China's big state-owned banks have reaped large profits from the country's economic miracle and are now beginning to make a splash internationally.
As befits a major sector in the world's most dynamic economy, 17 listed mainland banks maintained profit growth in 2011, making a total of $140.2 billion, a 29 percent increase from the previous year, according to a report from Ernst and Young in Hong Kong.
The two biggest banks in the world by market cap are the Industrial and Commercial Bank of China (ICBC), which has roughly $250 billion in capitalization, and China Construction Bank -- with the Agricultural Bank of China in fifth place. America's Wells Fargo and the UK's HSBC come in at third and fourth largest respectively.
China's banks are starting to flex some of their financial muscle internationally. In May, the Federal Reserve gave ICBC approval to buy the US subsidiary of Hong Kong-based Bank of East Asia, marking the first time a Chinese bank has been cleared to take over a US bank and the start of a push by Chinese banks into the US market. According to the Fitch ratings agency, US banks that cater to Asian-Americans are the likeliest takeover targets.
Meanwhile, the banks are also making moves in emerging markets. The Export-Import Bank of China lent more money to sub-Saharan Africa than the World Bank between 2001 and 2010, with Africa accounting for about 20 percent of EXIM's loans, according to Fitch.

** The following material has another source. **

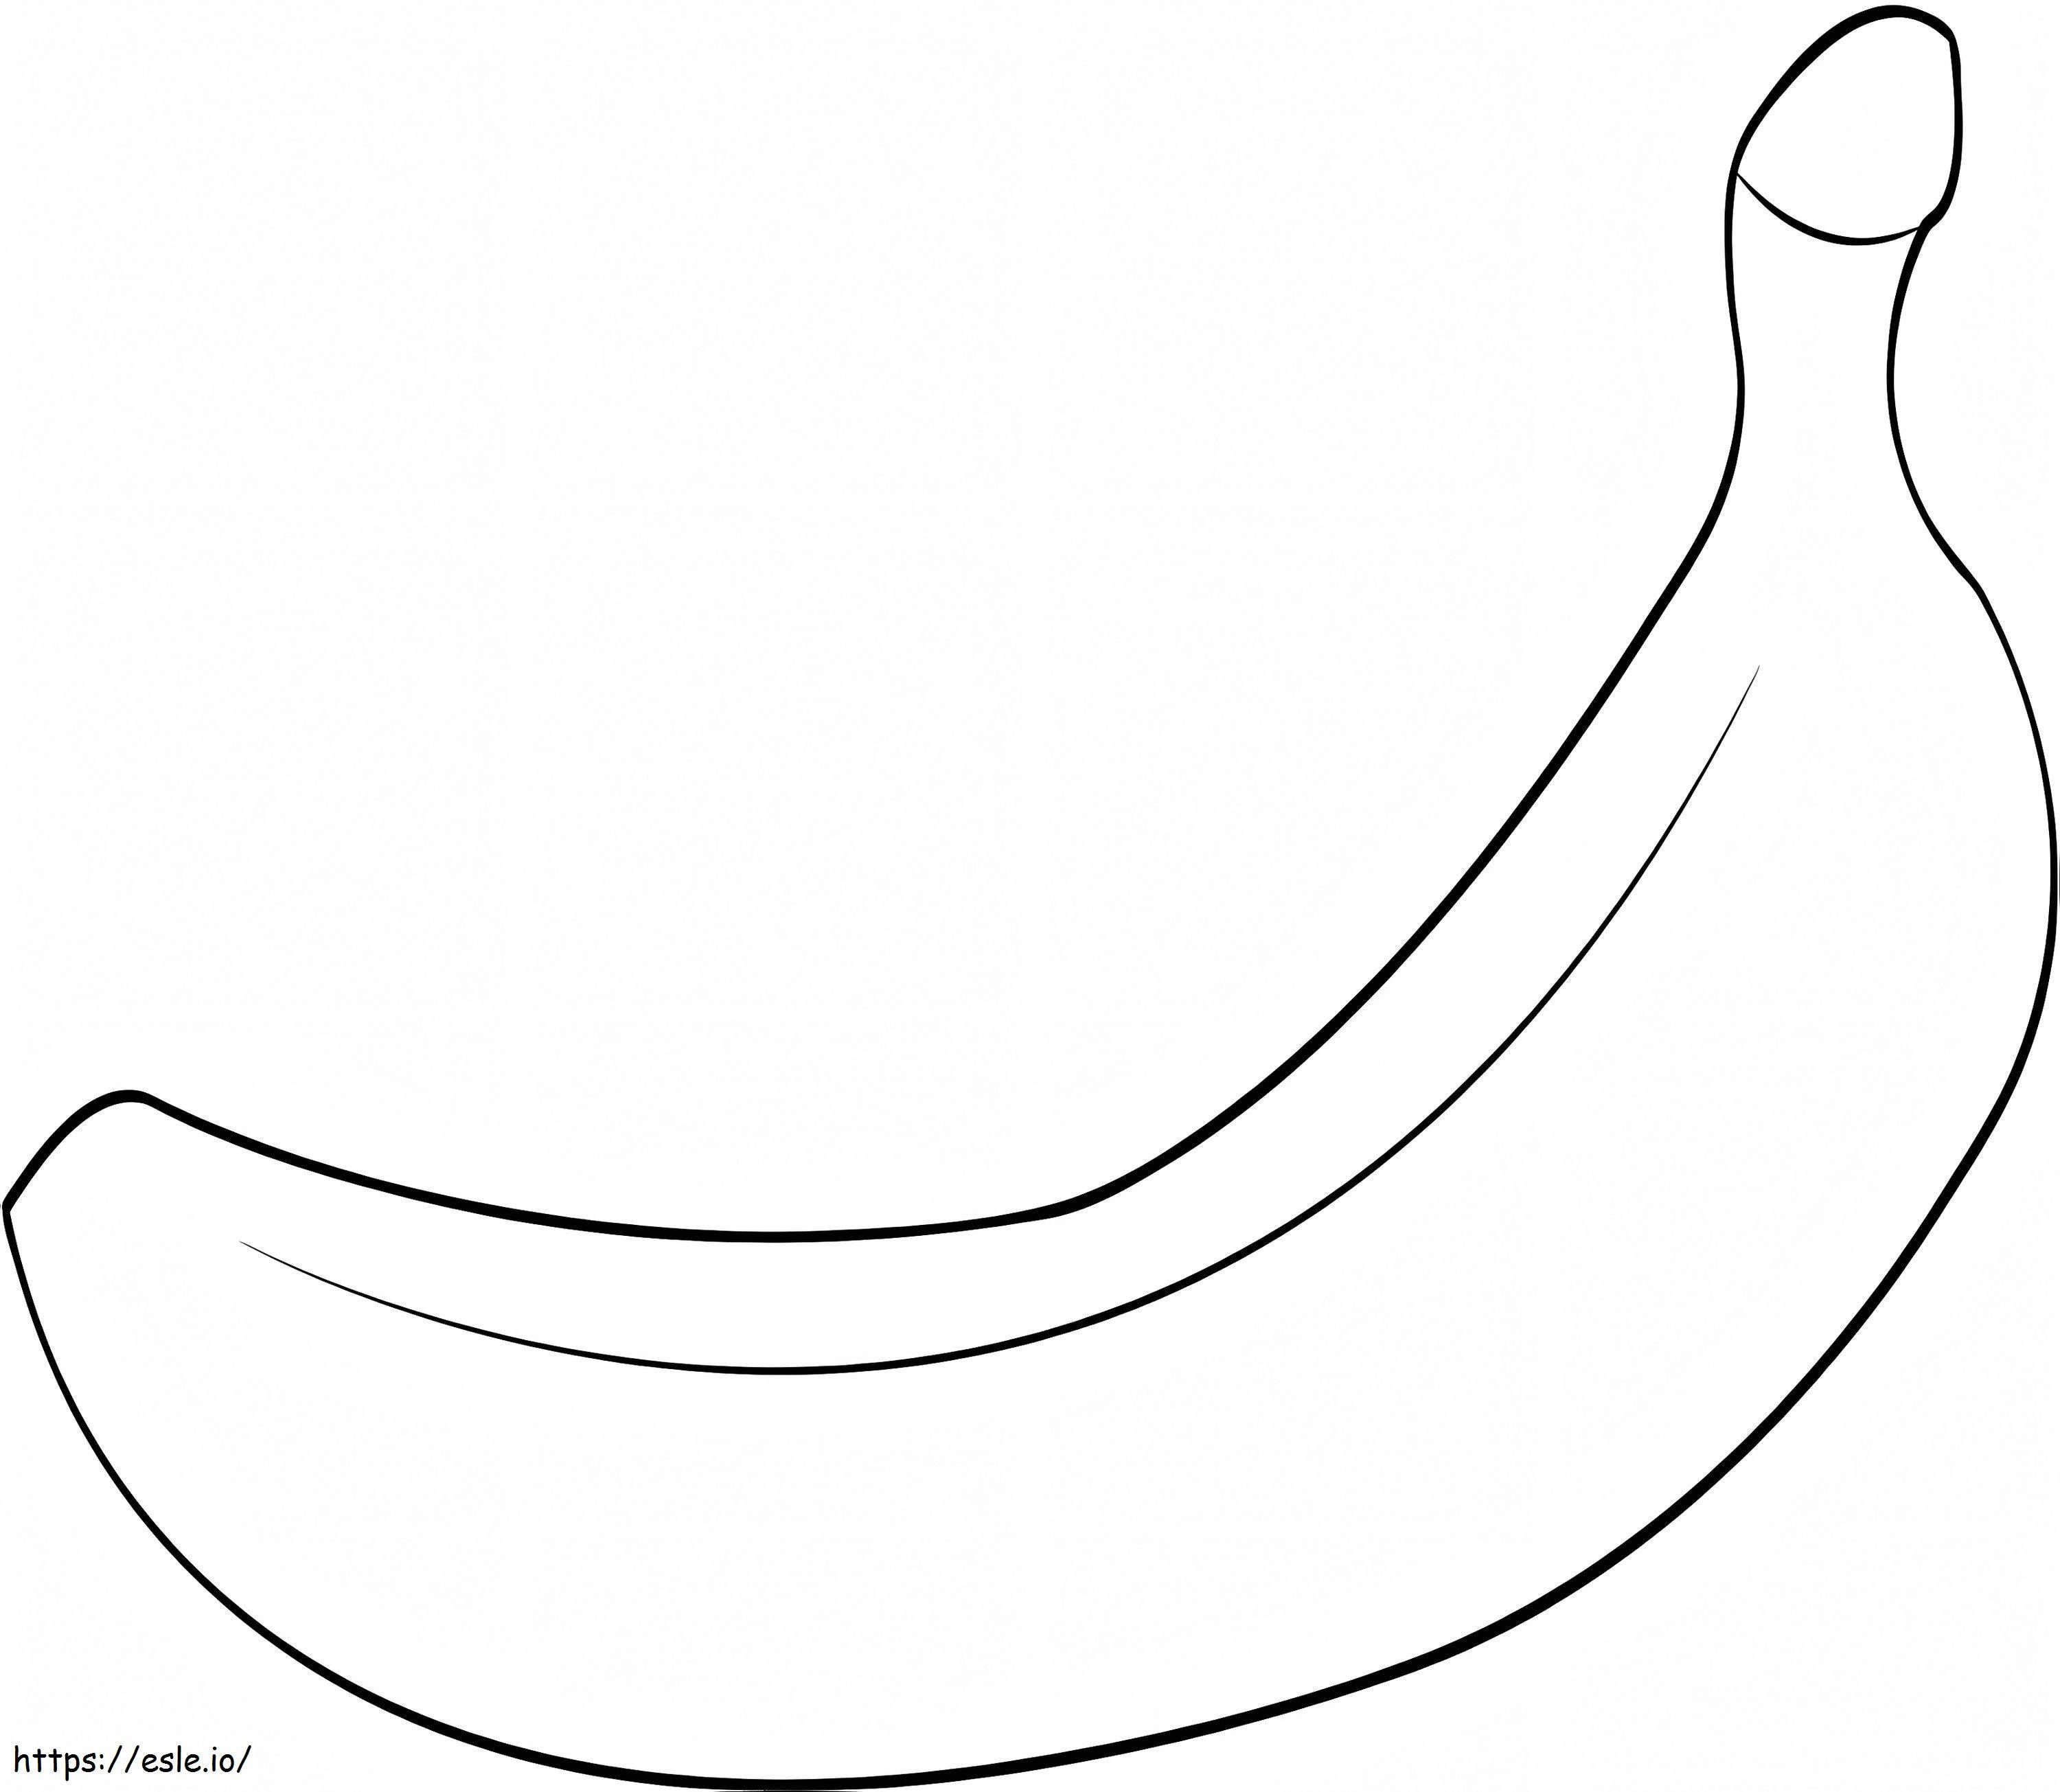 Awesome Banana coloring page

The absence of political strings, more competitive interest rates, and flexible repayment schedules make China's loans look highly attractive when compared with loans from Western sources.
However, Ernst & Young struck a note of caution, saying the slowing Chinese economy will require the banks to make a shift in their business philosophy. That forecast has been validated by recent government signals for an increased role for the private sector in the largely state-controlled banking system.
Last month, the Chinese government announced it would open its banks to private capital in an attempt to counter the slowdown by lending more to private firms. Private sector critics have long accused the banks of preferential lending to big, state-owned enterprises (SOEs) rather than to China's dynamic, but relatively small, private sector--so this was a shift welcomed by many.As the global economy slows and the Euro crisis continues to grind on, pressure on China's banks to reform will only increase. For American investors, that might not be such a bad thing. Successful reforms at home will only accelerate their metamorphosis form largely domestic entities into vast institutions straddling the globe -- and increasingly reliant on foreign investor partners for its financial success.